Retinopathy of prematurity (ROP) is a potentially blinding disorder of extremely premature infants caused by un-physiologic oxygen supply within the first weeks of life. The disease is characterized by uncontrolled vessel growth at the border of the vascularized zone, in severe cases leading to vitreoretinal tractions and retinal detachment. About 3–5% of all ROP cases need treatment at some point. The use of digital wide-field fundus photography, fluorescein angiography and optical coherence tomography as diagnostic tools generated a wealth of information about early disease features and treatment effects. Currently, intravitreal anti-VEGF injections are considered by many to be the optimal treatment approach for the most severe forms of Type 1 ROP, even though the pharmacological risks in terms of organ development and mortality rate have not yet been fully addressed.

Financial & competing interests disclosure

The authors have no relevant affiliations or financial involvement with any organization or entity with a financial interest in or financial conflict with the subject matter or materials discussed in the manuscript. This includes employment, consultancies, honoraria, stock ownership or options, expert testimony, grants or patents received or pending or royalties.

No writing assistance was utilized in the production of this manuscript.

Key issues
  • Retinopathy of prematurity (ROP) is caused by altering tissue oxygen concentrations within the first weeks after birth in extremely preterm infants. The optimal oxygen saturation rate is currently unknown.

  • Major risk factors for the development of ROP are low birth weight, gestational age and artificial ventilation.

  • Digital wide-angle fundus photography enables telemedicine approaches, in which retina specialists at reading centers can examine images from infants from remote areas.

  • Fluorescein angiography has become the most sensitive examination method to describe pathologic vessel alterations in ROP, which could not be easily visualized with other methods.

  • Fluorescein angiography is the ideal method to describe vascular changes following anti-VEGF injections.

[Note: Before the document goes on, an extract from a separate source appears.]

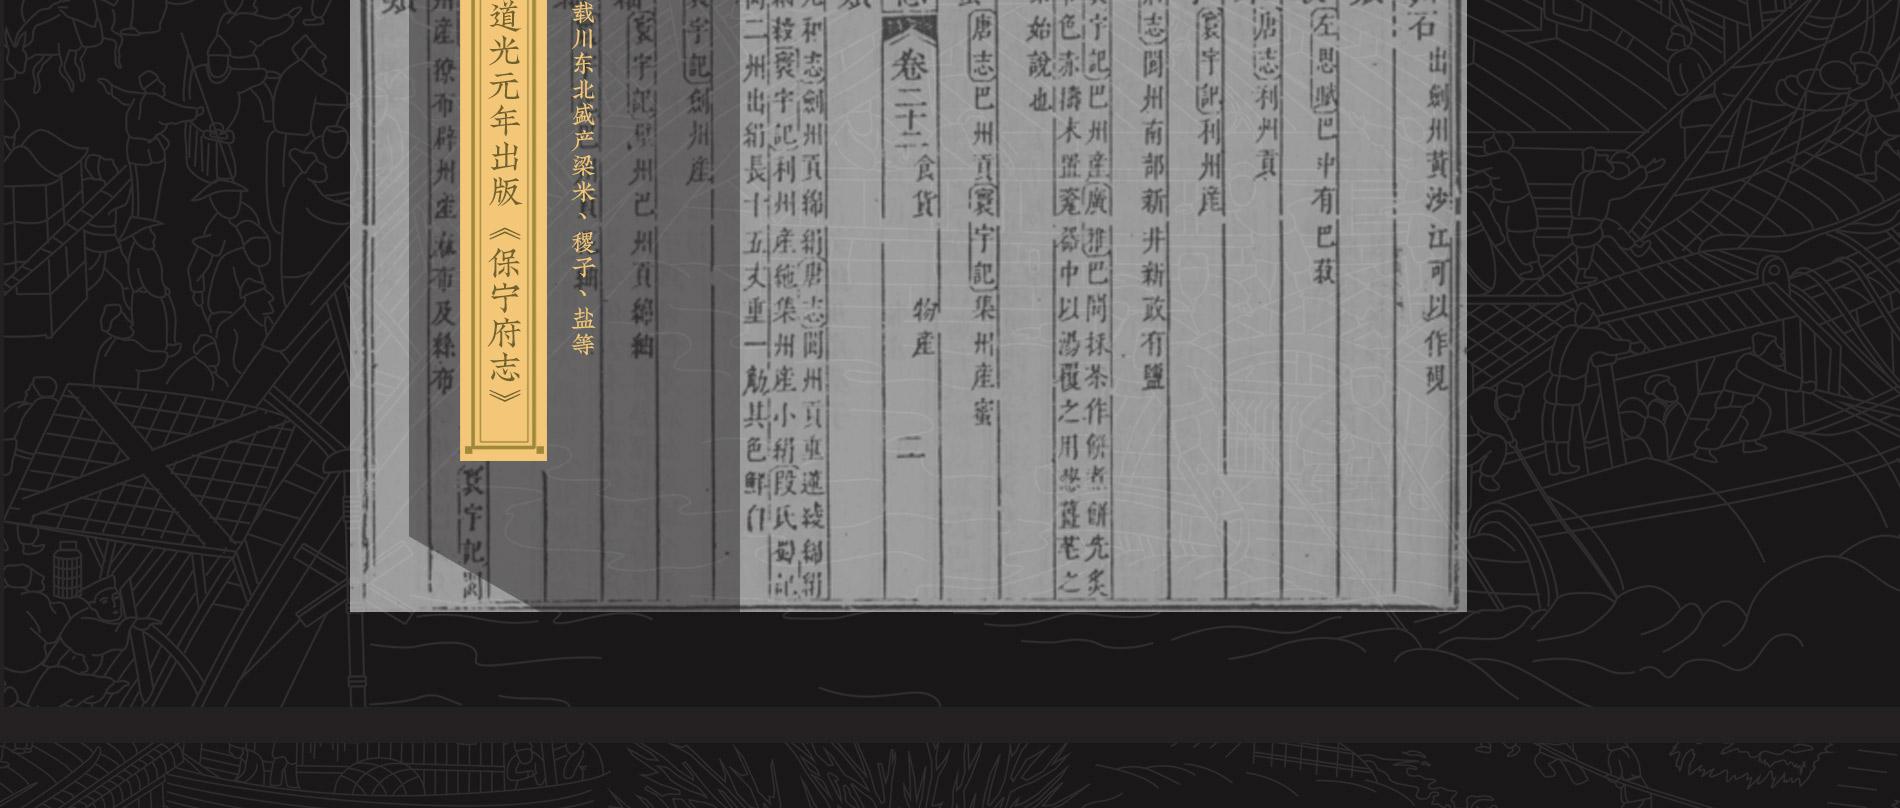 古书记载-恢复的_07.jpg
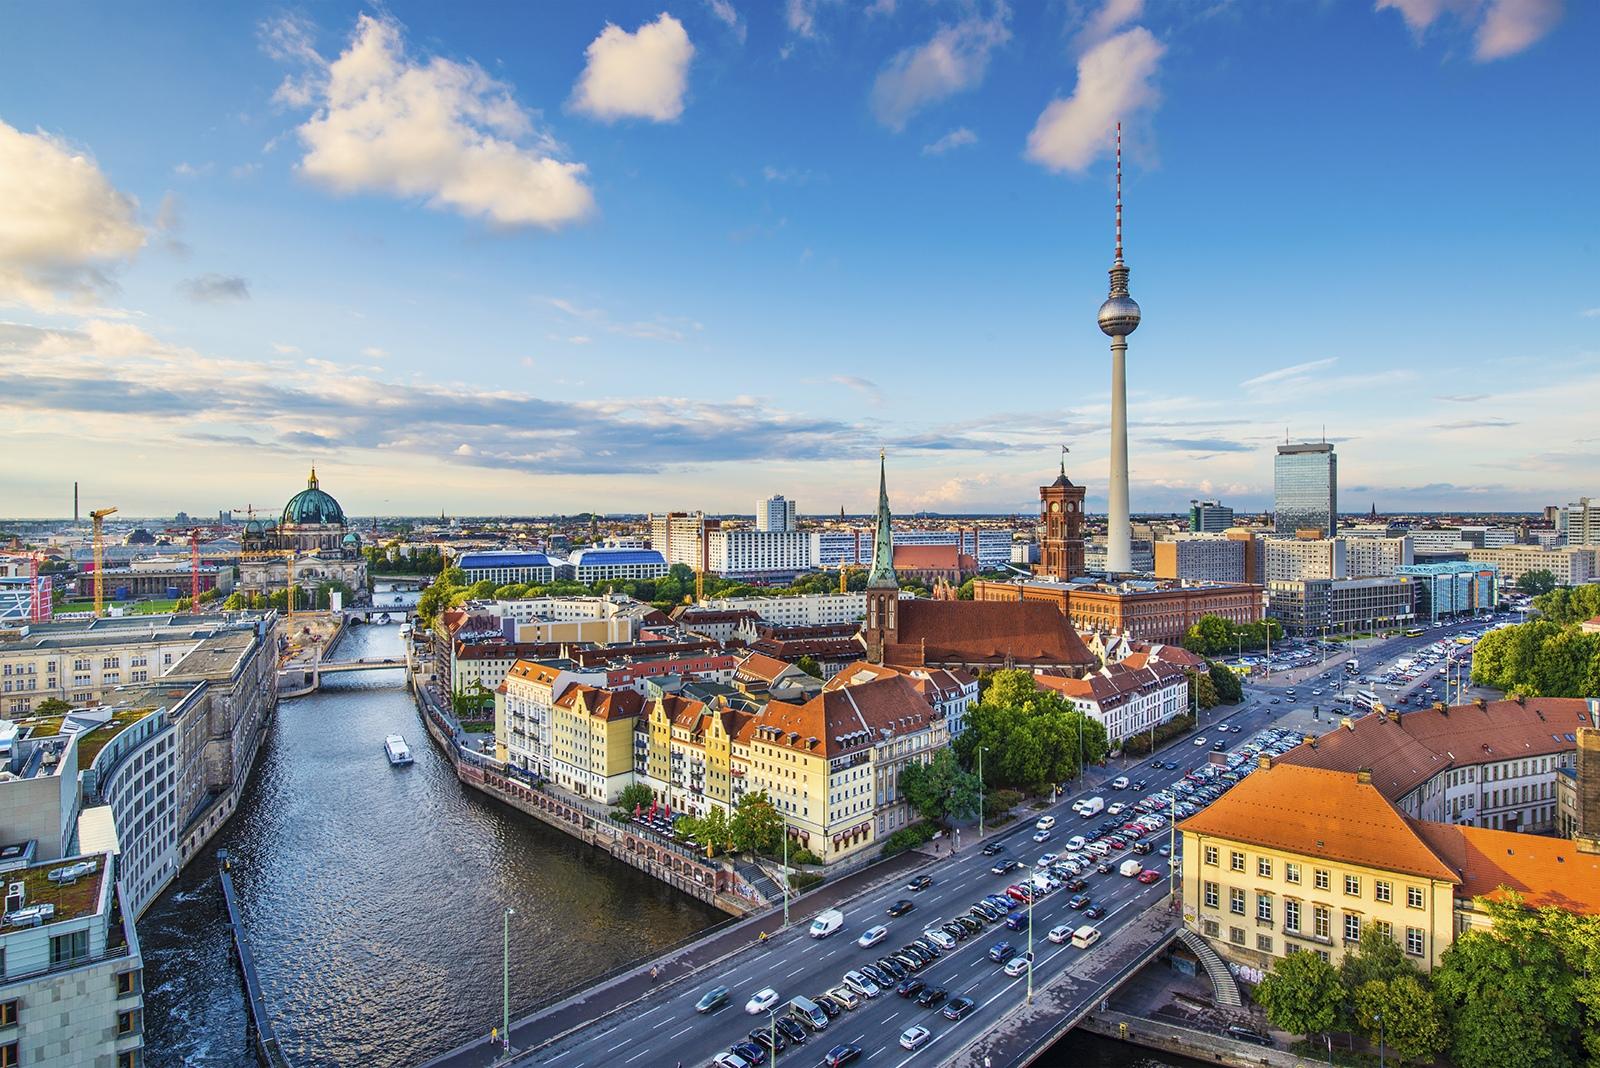 Панорама исторической части Берлина

  • Handheld spectral domain optical coherence tomography allows visualization of all retinal layers and description of morphological alterations during the disease process. Cystoid macula edema (CME) and absence of or underdeveloped foveal pit are typical signs of premature retinae.

  • Intravitreal injections of anti-VEGF molecules has become an important treatment approach, with well over 400 reported infants treated so far since 2008. Most of the time, bevacizumab (Avastin) was the applied drug.

  • Laser photocoagulation is still the best option for milder forms of treatment-requiring ROP.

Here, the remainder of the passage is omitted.